Winter is always a good time to shop. Boat shows often have packaged discounts. Some have maintained the virtual boat show concept.


----------



## Wilson1 (Oct 6, 2018)

Minnewaska said:


> Where are you? Just looking for hardware, or install too?
> 
> Winter is always a good time to shop. Boat shows often have packaged discounts. Some have maintained the virtual boat show concept.


Hi, we are located in southwest Michigan. Don't trust anyone here with installation so I will be doing the install myself. Just looking for the best purchase price of the equipment.


----------



## Wilson1 (Oct 6, 2018)

olson34 said:


> I would guess that there are multiple choices. Our local marine electronics store will price-match and also negotiate, within limits. They can usually match or come "close enough" to legitimate 'net prices. Occasionally, Tiffanys by the Sea will have a good sale, also.
> Perhaps I am not understanding your question.
> Heck, I get email invites from Lowrance/B&G all the time for special deals.
> Where do you live/shop?
> BTW, our Lowrance plotter-radar combo has worked flawlessly for several years and one coastal passage. Simrad VHF/AIS radio with its wireless remote is really really nice, too.

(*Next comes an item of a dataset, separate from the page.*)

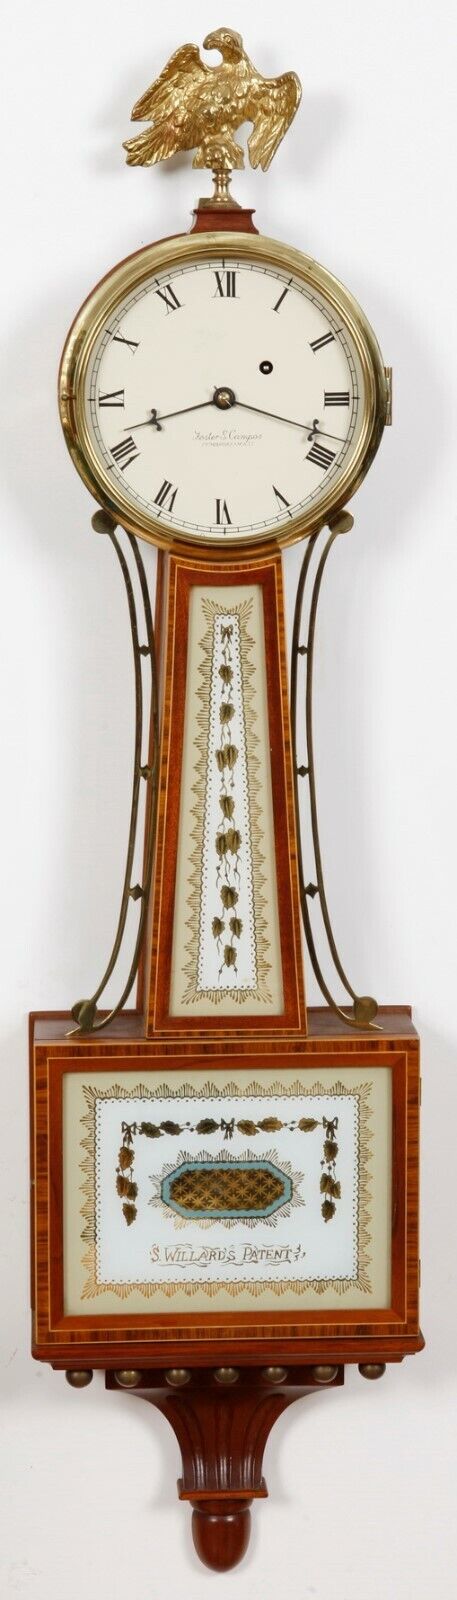 Foster S. Campos Pembroke MA No. 25, 1977 Weight Driven Cross Banded Banjo Clock
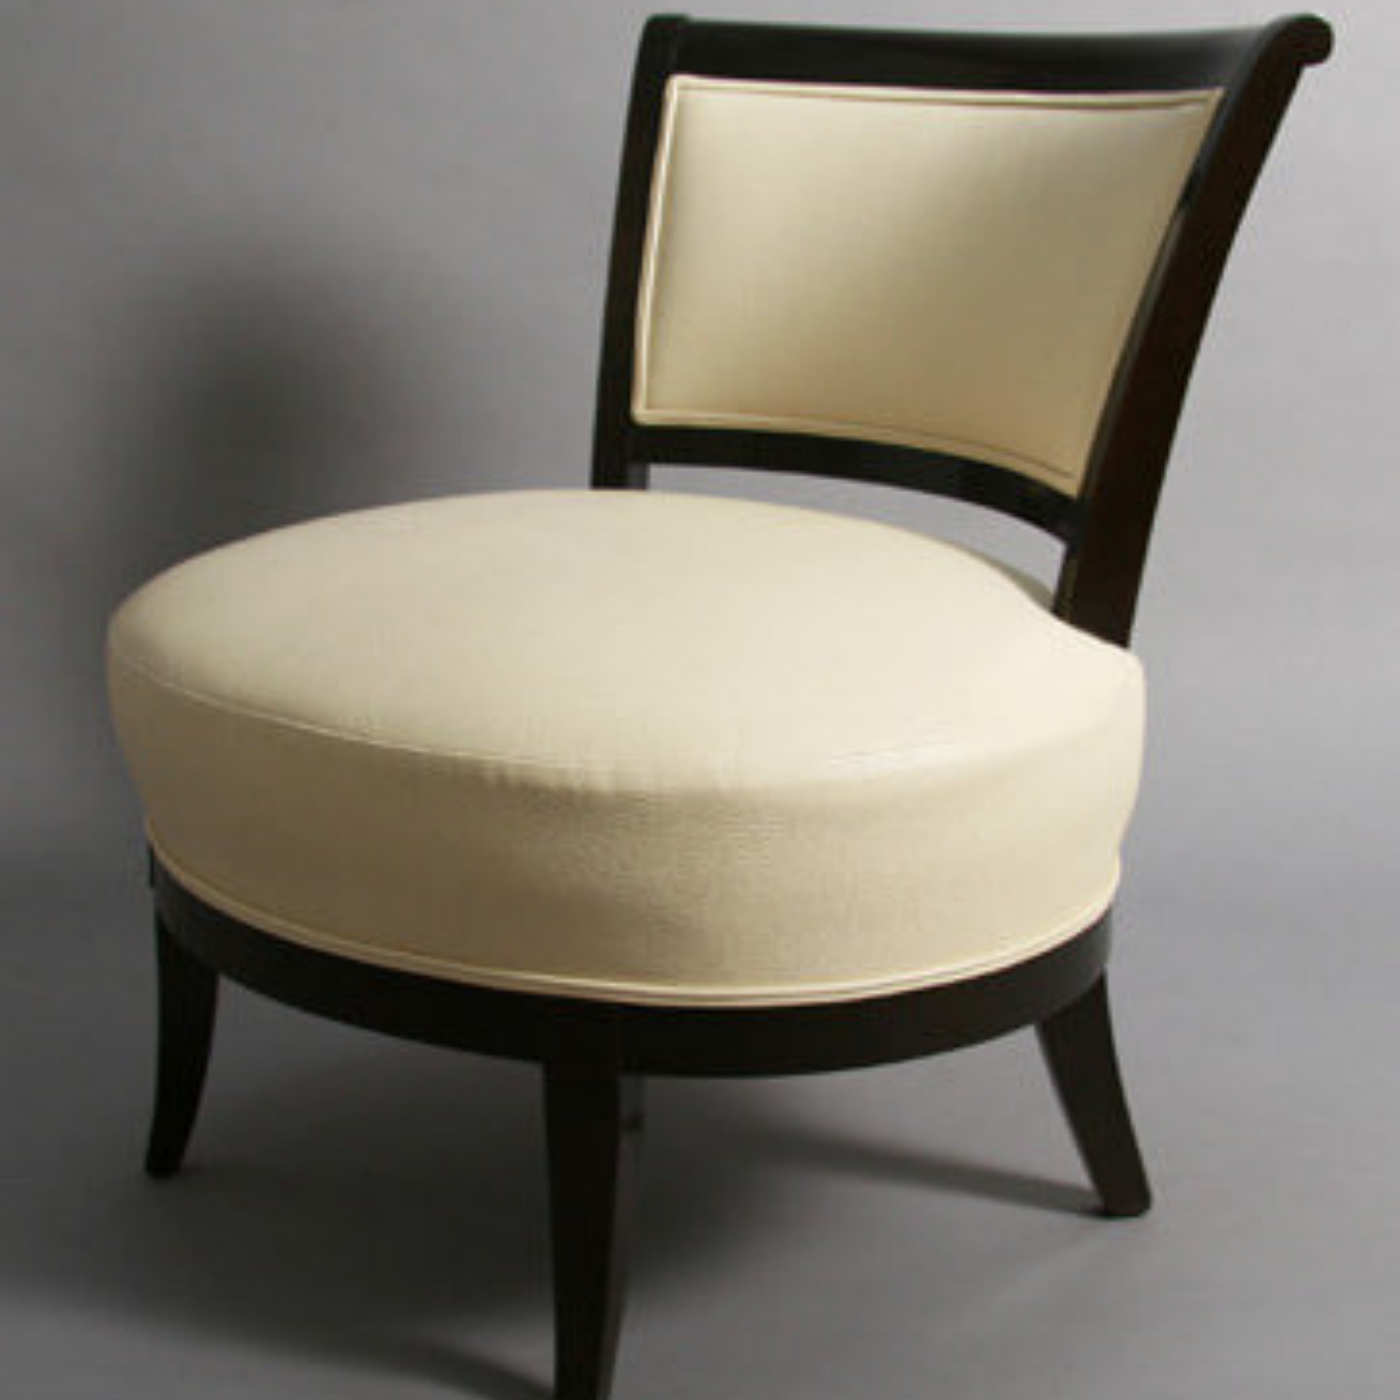 The Vera Slipper Chair

We are located in southwest Michigan. Just looking for best price on equipment as I will be doing the install.


----------



## Minnewaska (Feb 21, 2010)

Defender Marine is having a Labor Day sale right now.

I understand the motivation to do it yourself, if you want it done right. Saves a ton of money too. 

The advantage to paying for instal is warranty work. Painfully, some percent of all electronics fail right out of the box. Self install, usually requires shipping the suspect part back for inspection, before getting a replacement. A good install shop will warrant their own work, come aboard to inspect and often be able to replace immediately. At the least, more quickly than self installed equip bought at a discount.


----------